If someone’s being interrogated, he or she has no time to wait a week for Trivial Pursuit: Fifty Years of James Bond. And it doesn’t need to be explained as to why one couldn’t wait for a 48-pack of toilet paper.
People have their own personal reasons why they might need their Amazon product delivered quickly.
“Probably because I’m running away from evil velociraptors and I didn’t have the proper arrow-heads for my bow to hunt them down,” said junior Alex Bru. “So some nice broadheads.”
Amazon CEO Jeff Bezos has predicted these aerial mailmen will be in use as early as 2015.
Bezos said the drones will have a 10-mile radius from the Amazon distributor, and carry up to five pounds of freight.
So if someone needs a VHS copy of Richard Simmons’ “Sweatin’ to the Oldies” (and who wouldn’t need that?) and lives in a rural area, the wait time might be up to several days.
Sophomore Belle Goodson, knows what necessity she needs ASAP.
“There are these things called ostrich pillows, where you stick your whole head in it and its got these little pockets for your hands so you can sleep face-down on a desk, but you end up looking like a weird squid,”said Goodson
The largest concern of Amazon.com and critics of this new delivery service are people shooting down the drones.

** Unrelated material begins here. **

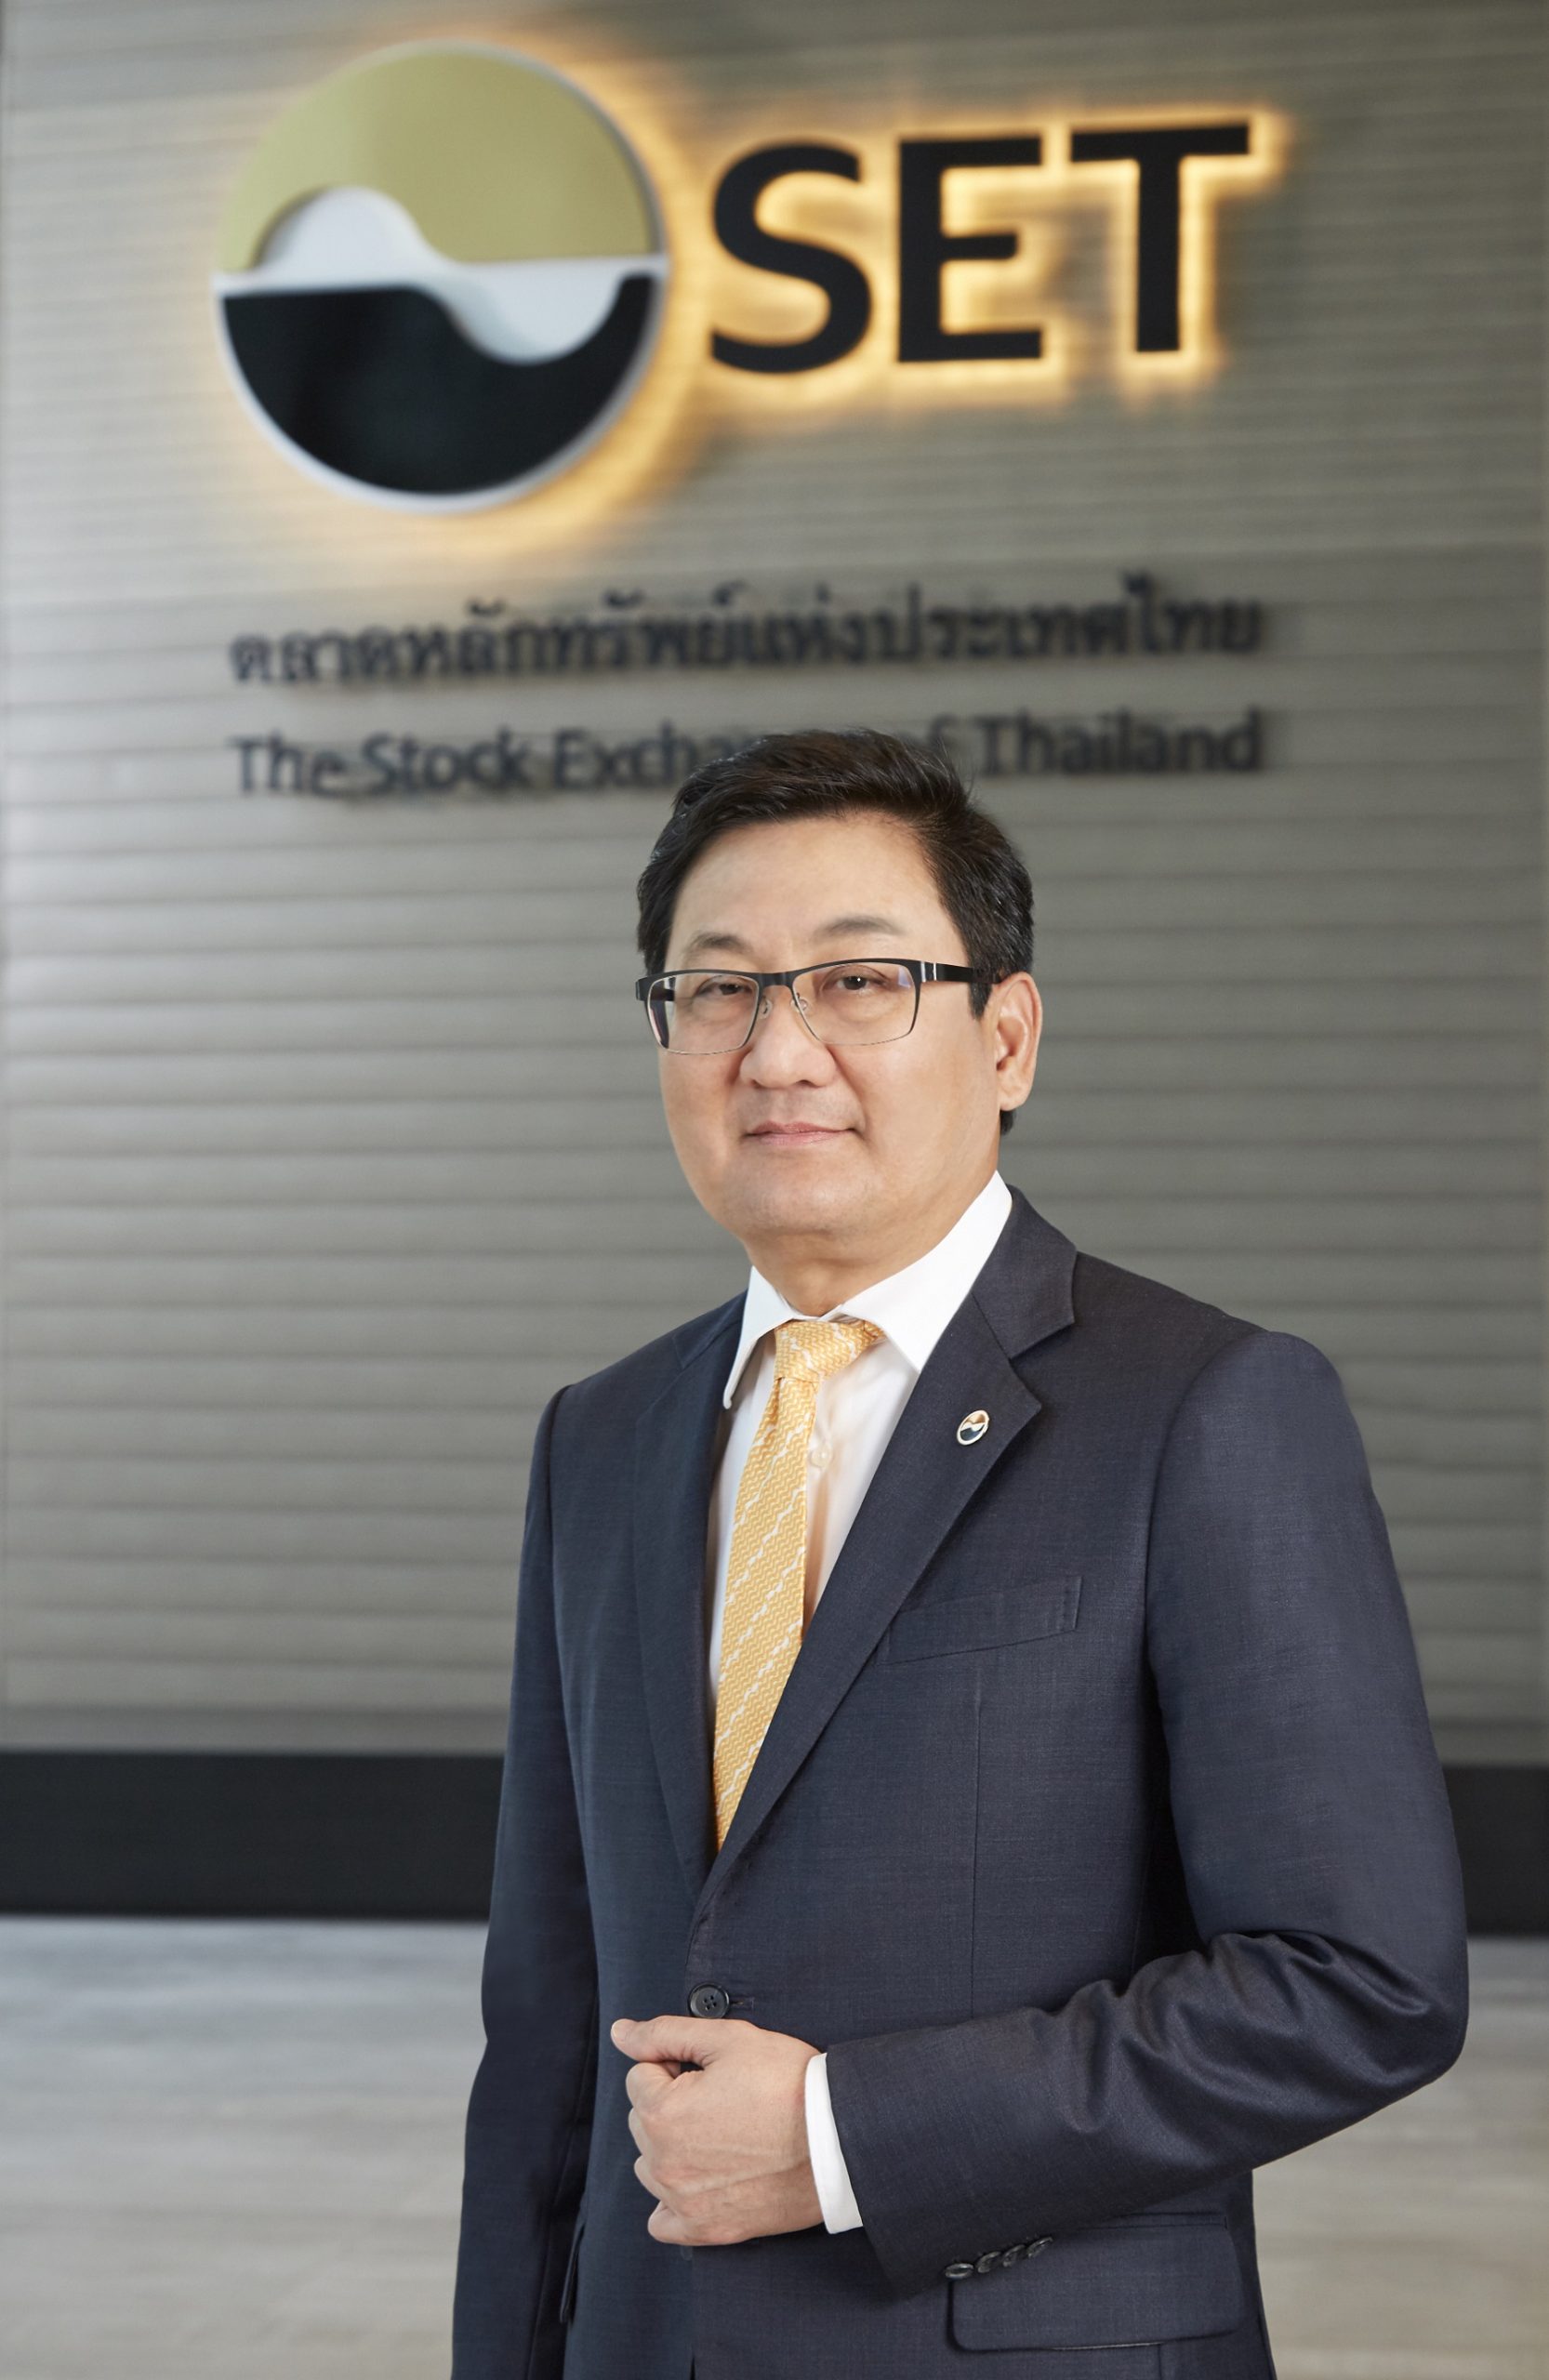 SET ensures stability of the Thai capital market amid global high volatility

Some other possible problems: the drones could fly too high, accidentally mistake a residence for an Al-Qaeda-suspected hideout, drop suddenly from the sky and hurt innocent cats, or deliver one’s “Sweatin’ to the Oldies” copy to their neighbor’s house.
“I think the obvious thing that could go wrong is the technicality problems,” said senior Eden Kovler. “It could drop packages on people’s heads as well as just fall apart and you’d have to retrieve it to fix it.”
The shooting down of packages is a real problem. If one sees something As Seen on TV, and it is lost to some jerk with a slingshot, they’re going to be pretty miffed.
People want to feel secure when they pay $900 for a signed copy of L. Ron Hubbard’s “Dianetics.” How else will they become acquainted with Xenu, the dictator of the Galactic?
These drones are a good idea, but if they are successful, what could be the consequences?
Perhaps a remote-controlled helicopter revolution, delivery from guided missile to speed up delivery.
There will be homeless tiny pilots on every corner, begging for tiny change.
And that’s just the beginning. What’s next? A real RoboCop? A time machine delivering products you haven’t even ordered yet? A woman president? A uniformed government employee delivering a package by hand at one’s doorstep?
These predictions strike terror into all who think about future advancements.